QE4: US$ 6 trilhões e contando, em outubro/2019, o FED começou a comprar títulos do Tesouro a uma taxa de US$ 60 bilhões/mês, para facilitar a liquidez nos mercados de empréstimos overnight, sem sucesso.
O FED deve ter injetado US$ 1,5 trilhão e mais US$ 1,0 trilhão por semana, até fins de março de 2020, principalmente em função do agravamento da queda nas bolsas de valores causada pela pandemia. Note-se: esses valores são maiores do que as primeiras rodadas do QE, nos últimos dez anos.
Enquanto isso, ganharam força as teses heterodoxas. O economista André Lara Resende – ALR escreveu o livro “Consenso e contrassenso” defendendo as práticas de política monetária adotadas pelo FED e afirmando: o governo que emite sua moeda não está sujeito a limitações; e Ben Bernanke, então presidente do FED quando foram adotadas essas práticas, Timothy Geithner e outros, escreveram o livro “Apagando o incêndio”, defendo o afrouxamento monetário e, segundo eles, de absoluto sucesso evitando um novo ‘crash’.
Até então era somente a prática contrariando a teoria, que passou a exigir aprovação da academia à nova tese em política monetária, inclusive tendo implicações no que ainda hoje é ensinado nas Universidades, exigindo pesquisa acadêmica, e eis que surge a pandemia.
Doravante, ganhou força a afirmação feita por André Lara Resende: governos dos diversos países atingidos pelo coronavírus descobriram que os efeitos são maiores do que a causa, que o desemprego e modestas atividades empreendedoras converteram renda gerada com ausência absoluta de renda, ‘abriram o cofre’ no intuito de evitar um novo ‘crash’, desta vez encontrando apoio irrestrito dos mercados.
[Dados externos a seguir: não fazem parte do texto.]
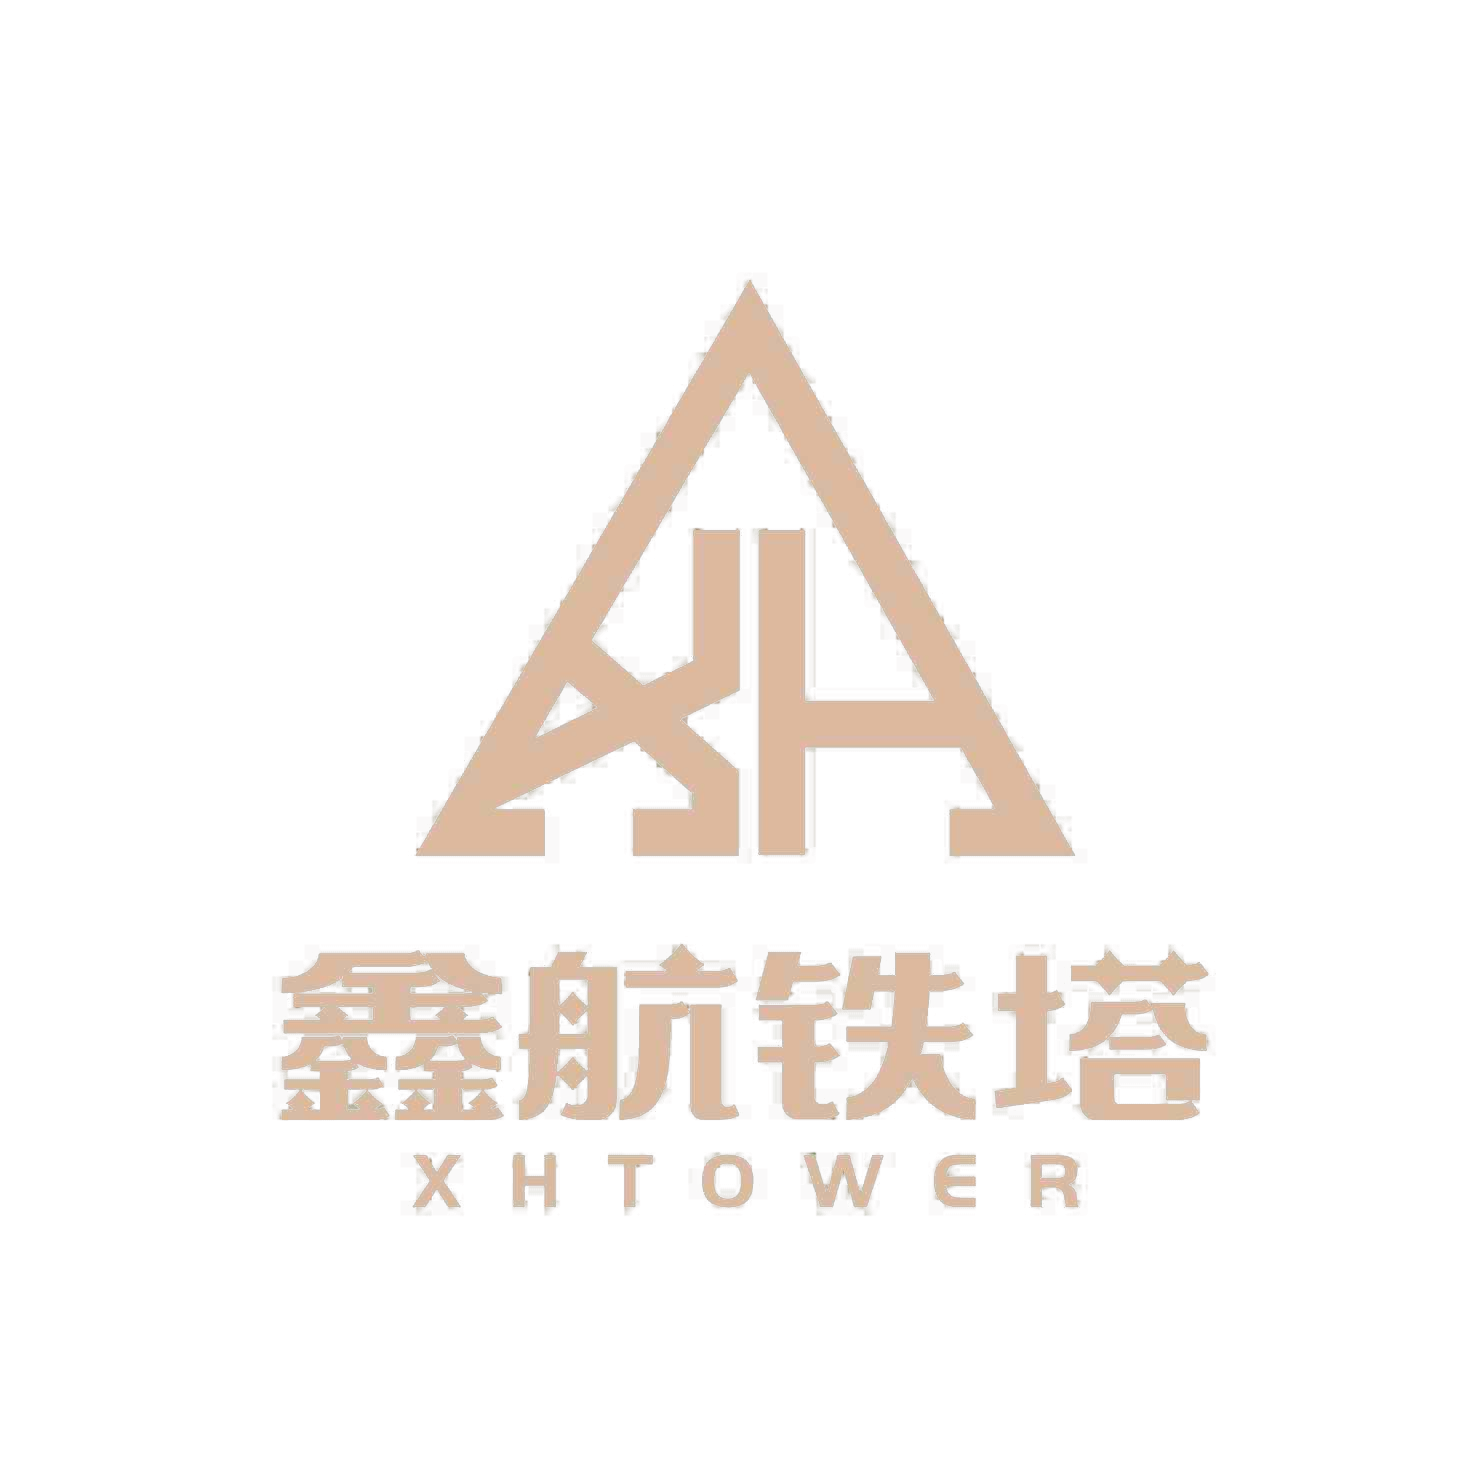 Xinhang Tower Technology Co., Ltd.
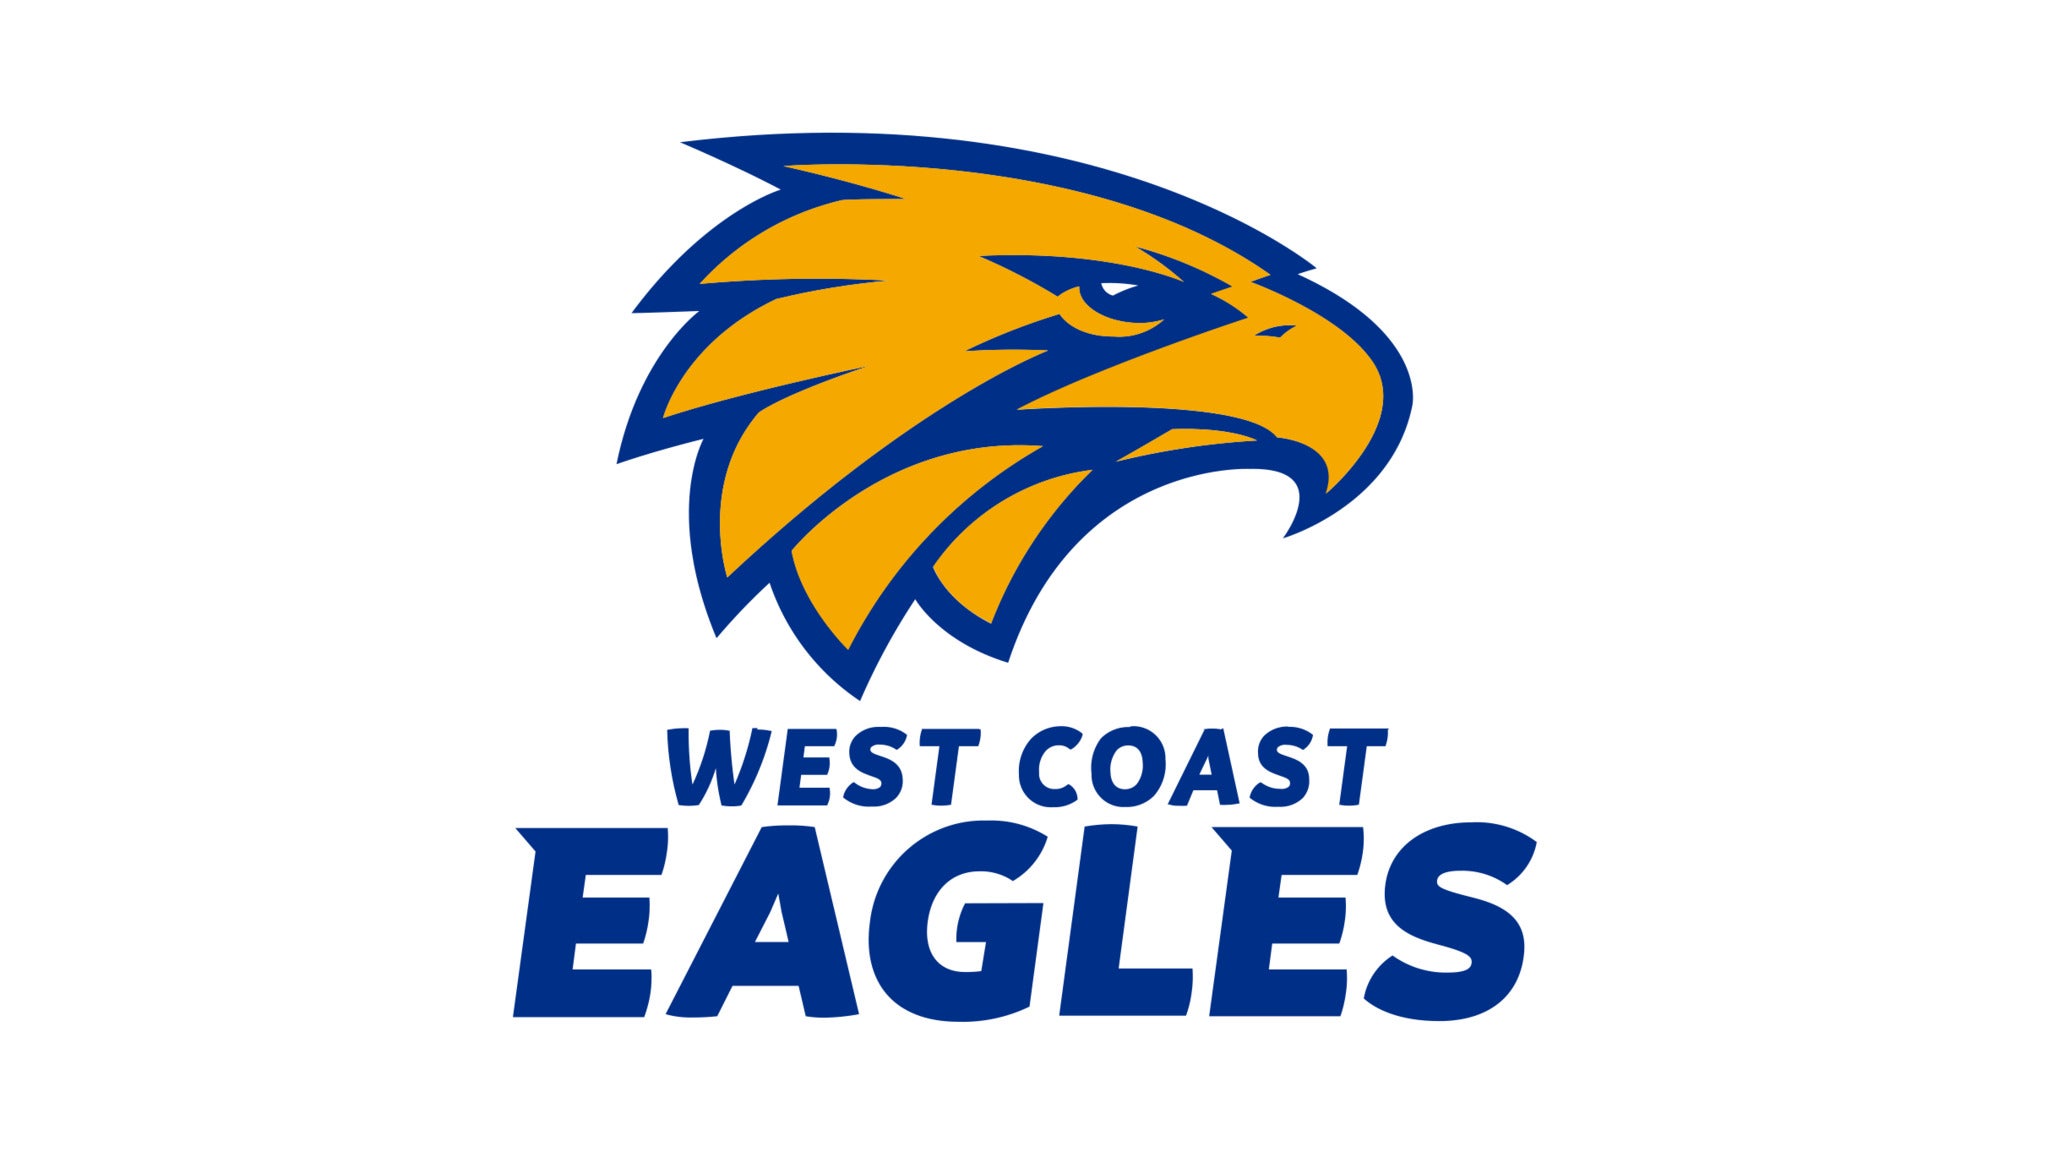 West Coast Eagles presale information on freepresalepasswords.com

Quando tudo passar e os gastos tiverem chegado ao seu limite, veremos a realidade das contas.
Alguns números ilustram minha afirmação conforme publicado pelo jornal Valor, de 31/07/20: a dívida bruta do governo geral (União, Estados, Municípios e Empresas estatais)) sobe a 85,5% do PIB, segundo o Banco Central, variando de 81,9% para 85,5%, “o maior crescimento de toda série histórica da autoridade monetária”; o déficit primário (Receitas menos Despesas primárias) deve ficar em R$812 bilhões no ano, segundo estimativas, conforme abaixo segundo previsões do Ministério da Economia para 2020:
Produto Interno Bruto (PIB), retração -4,70%; Déficit primário do governo central R$ 787,4 bi (11% do PIB); Déficit primário do setor público R$ 812,2 bi (11,3% do PIB); Dívida bruta do governo geral 94,7% do PIB; Dívida líquida do setor público 67,2% do PIB.
A recuperação da economia brasileira deverá ser penosa.
*Economista. Membro Honorário da ALL e da ACL. Filiado à IWA e aos Movimento ELOS Literários.